Mix of suggestions and problems here . . .

  • One way to scale your capabilities effectively is to develop shared resources used by several groups. Supporting shared resources can be a challenge, however, because PIs may want results formatted their own way, not in a common format.
  • Before embarking on a project, draw up a project charter. This document establishes the level of involvement of key people (on both the informatics and science side) and the high-level outline of the work planned. The process of preparing this document will let you know if science people are invested enough in the project, or if there are reasons to worry. One cannot underestimate the importance of buy-in and personal investment in the success of an informatics endeavor by the science leaders on the project.
  • Promote awareness of software development: Jax has a software lifecycle process approved by the institution and posted up everywhere.
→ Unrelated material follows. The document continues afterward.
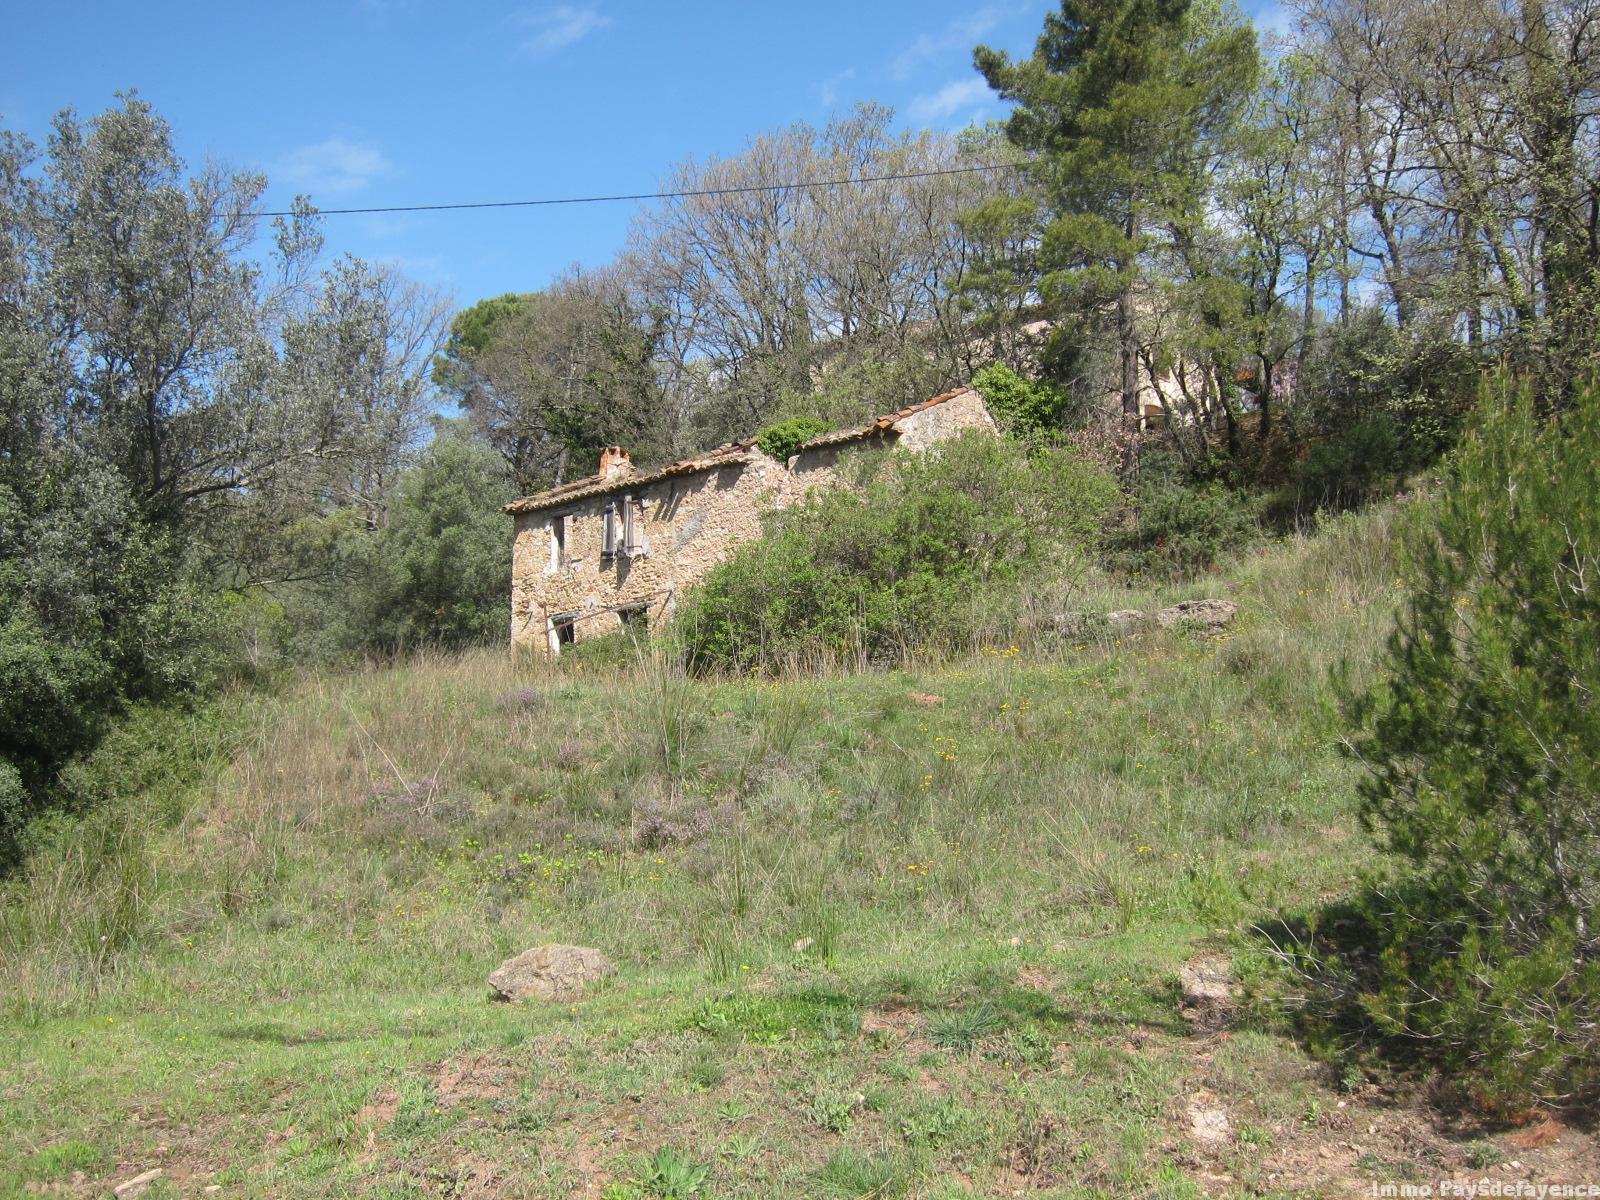 Terrain à bâtir Pays de Fayence 1600 m² avec bastide en pierre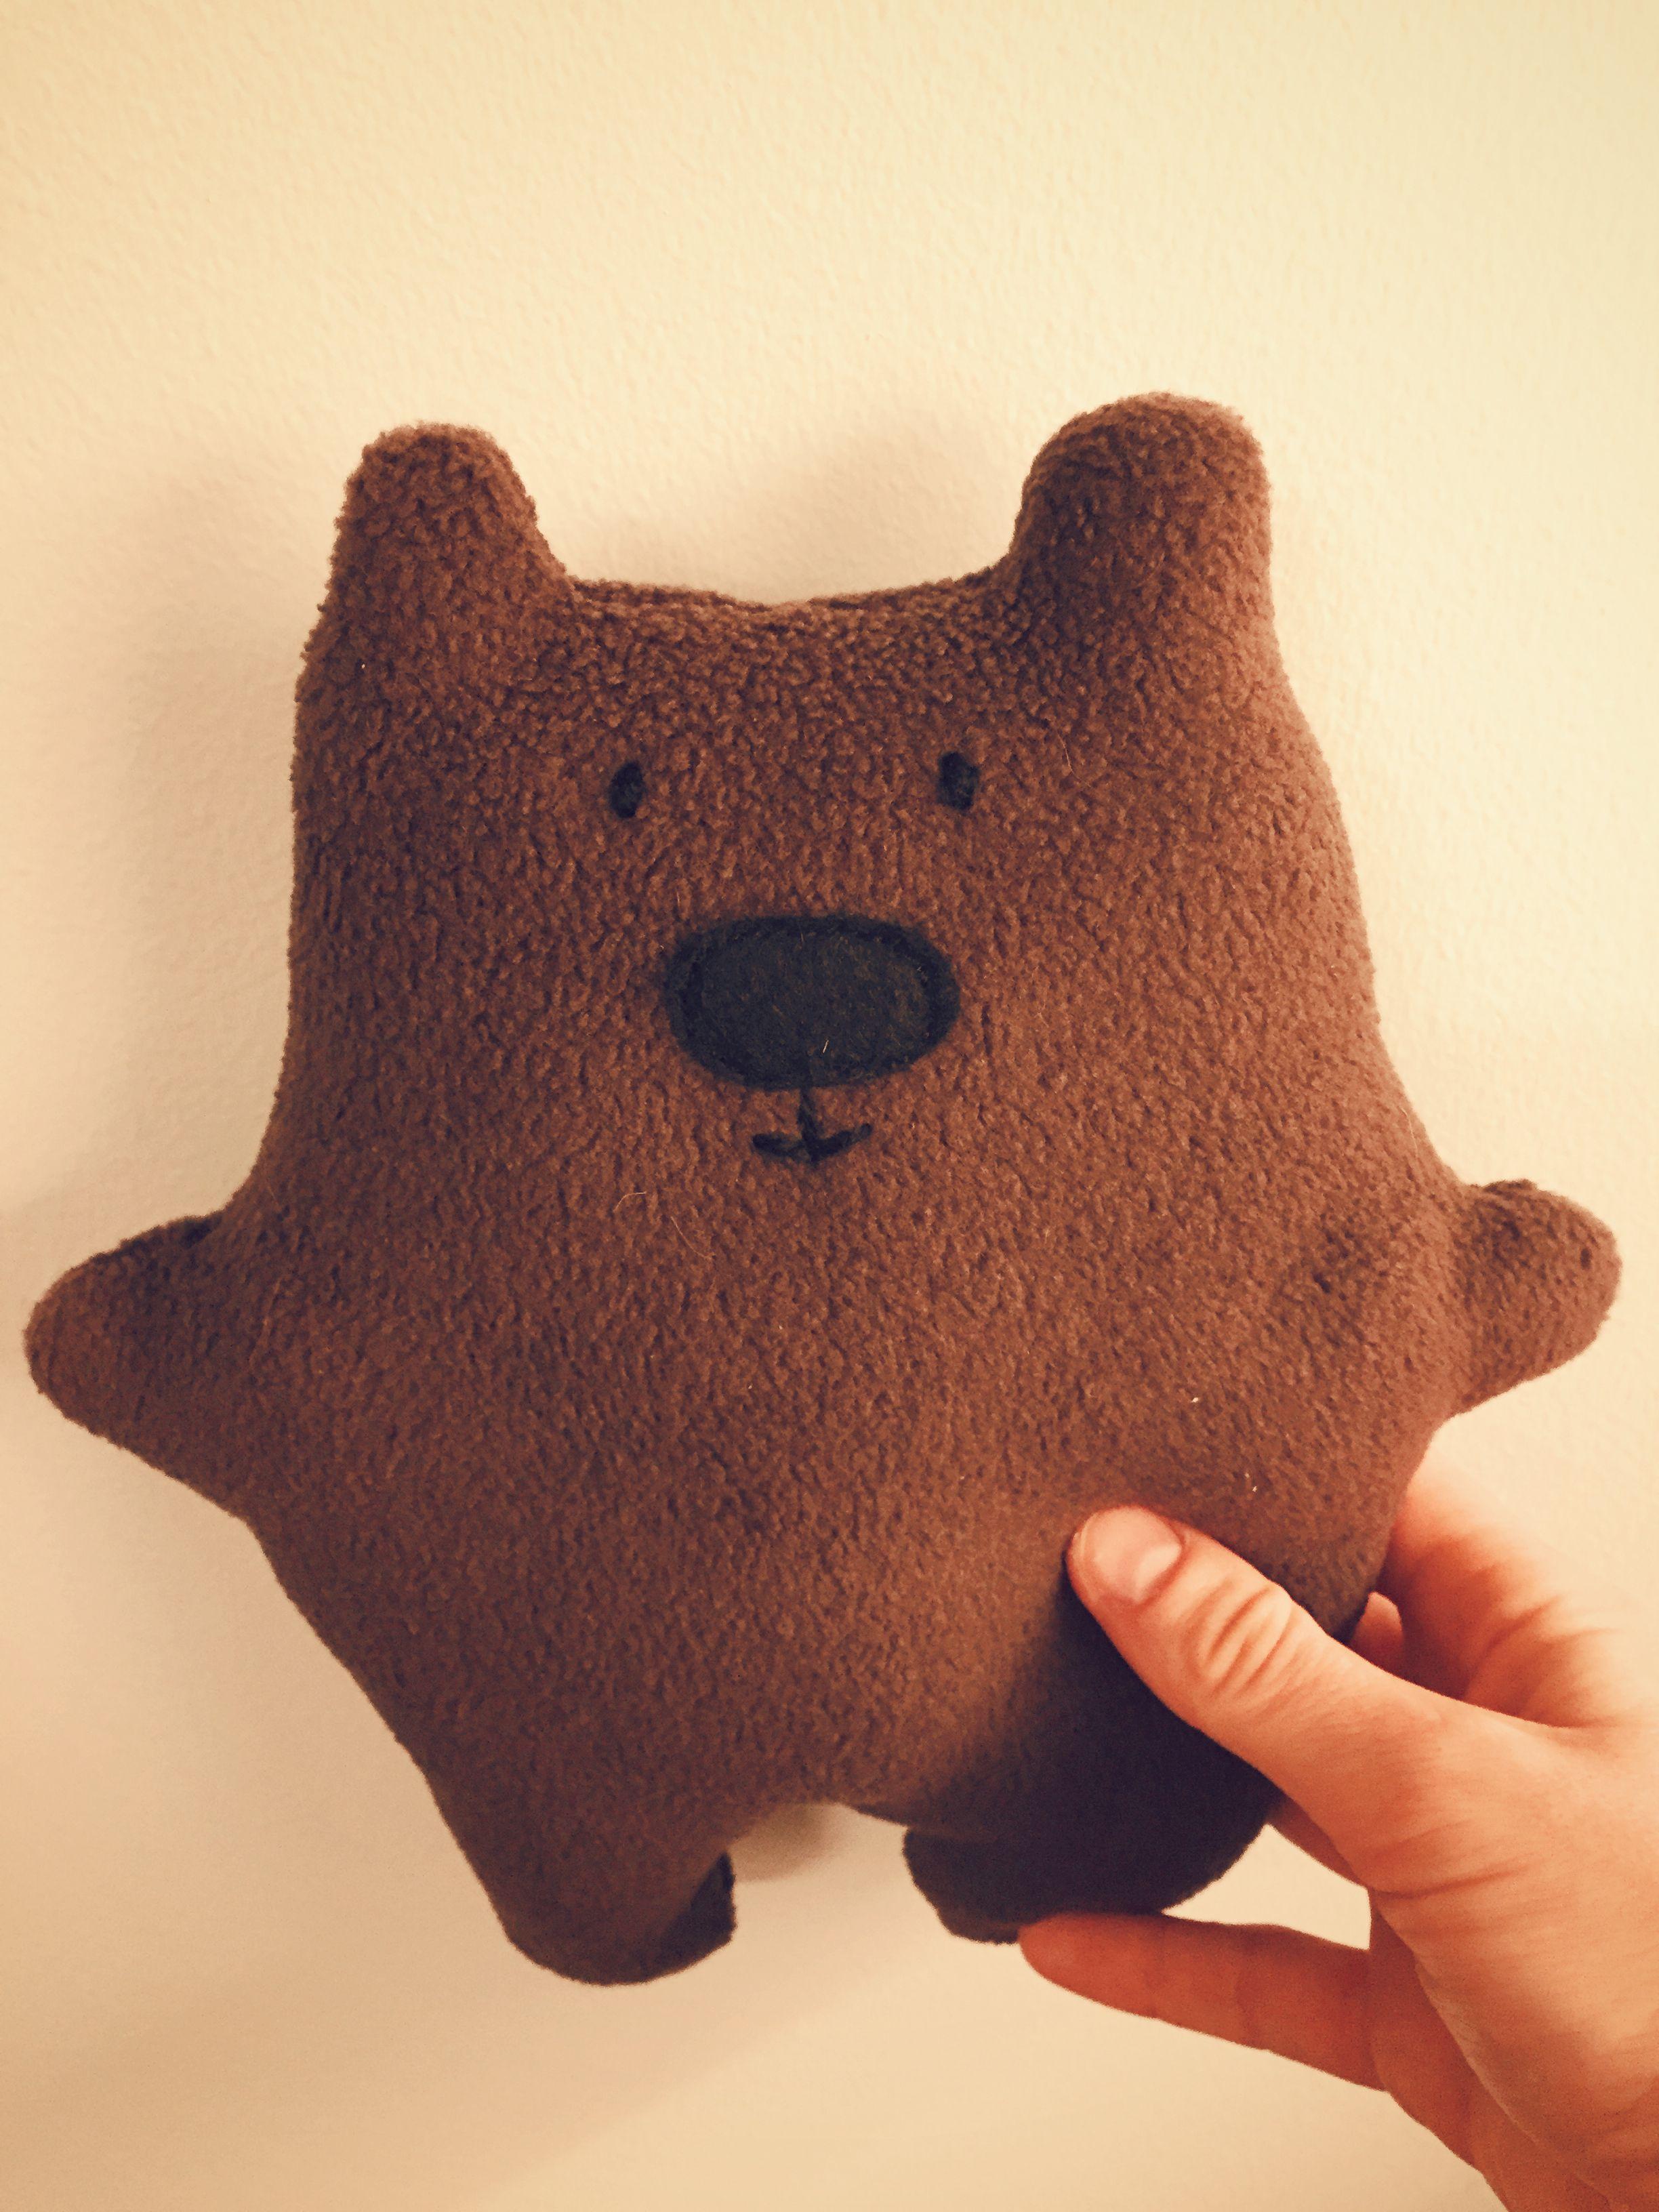 DIY Easy Teddy Bear FREE Sewing Pattern and Tutorial

Requirements/Communication

  • Some used a detailed requirements gathering process (at Jax they draw up 150 page documents) to firm up what would be developed.
  • Others used agile approaches, which are interactive with the scientists throughout the life of the project and make it a specific point to allow the requirements to evolve along with the scientists’ understanding of their needs.
  • All agreed that requirements gathering in biomedical software has to be an ongoing, interactive endeavor – biologists sometimes want to wait until features are in production before they give feedback, they want to see something working and tinker with it.
  • Underestimated opportunity for software people: helping biologists with their ad-hoc solutions (Access, Excel, FileMaker Pro) — biologists will always use Excel, so is there some way we can help them use Excel better? Can we leverage their familiarity with these technologies? A software development background teaches you to look askance on “low-tech” solutions like these, but in this domain there is something to be said for them.
  • Starting with the front end (UI) and working back helps user interaction — you can show a prototype of an interface and get better feedback earlier.
  • Best ideas don’t always come from biologists: we are doing our job best when we are helping scientists understand what is possible with software, and helping them focus on their goals and how software could help achieve them.

Looking Forward

We talked about possible content for a meeting or conference on biomedical and bioinformatics software development. People showed interest in the following.

  • Documenting typical staffing models — help us all understand our options for organizing our work and getting it funded
  • Questionnaire — find out what people are doing, try to get a picture of the current state of affairs
  • Present experience reports: What working examples are out there?
  • People preferred a workshop more than a conference, a hands-on experience. Plenty of short talks that don’t give answers, but raise questions – followed by open discussions.
  • People would like to see defined milestones for the meeting.
  • Tutorials on some subjects (e.g. project management, quality assurance and testing, good development practices) would be welcome
  • Q&A sessions – what have you done that can benefit others, what are you doing?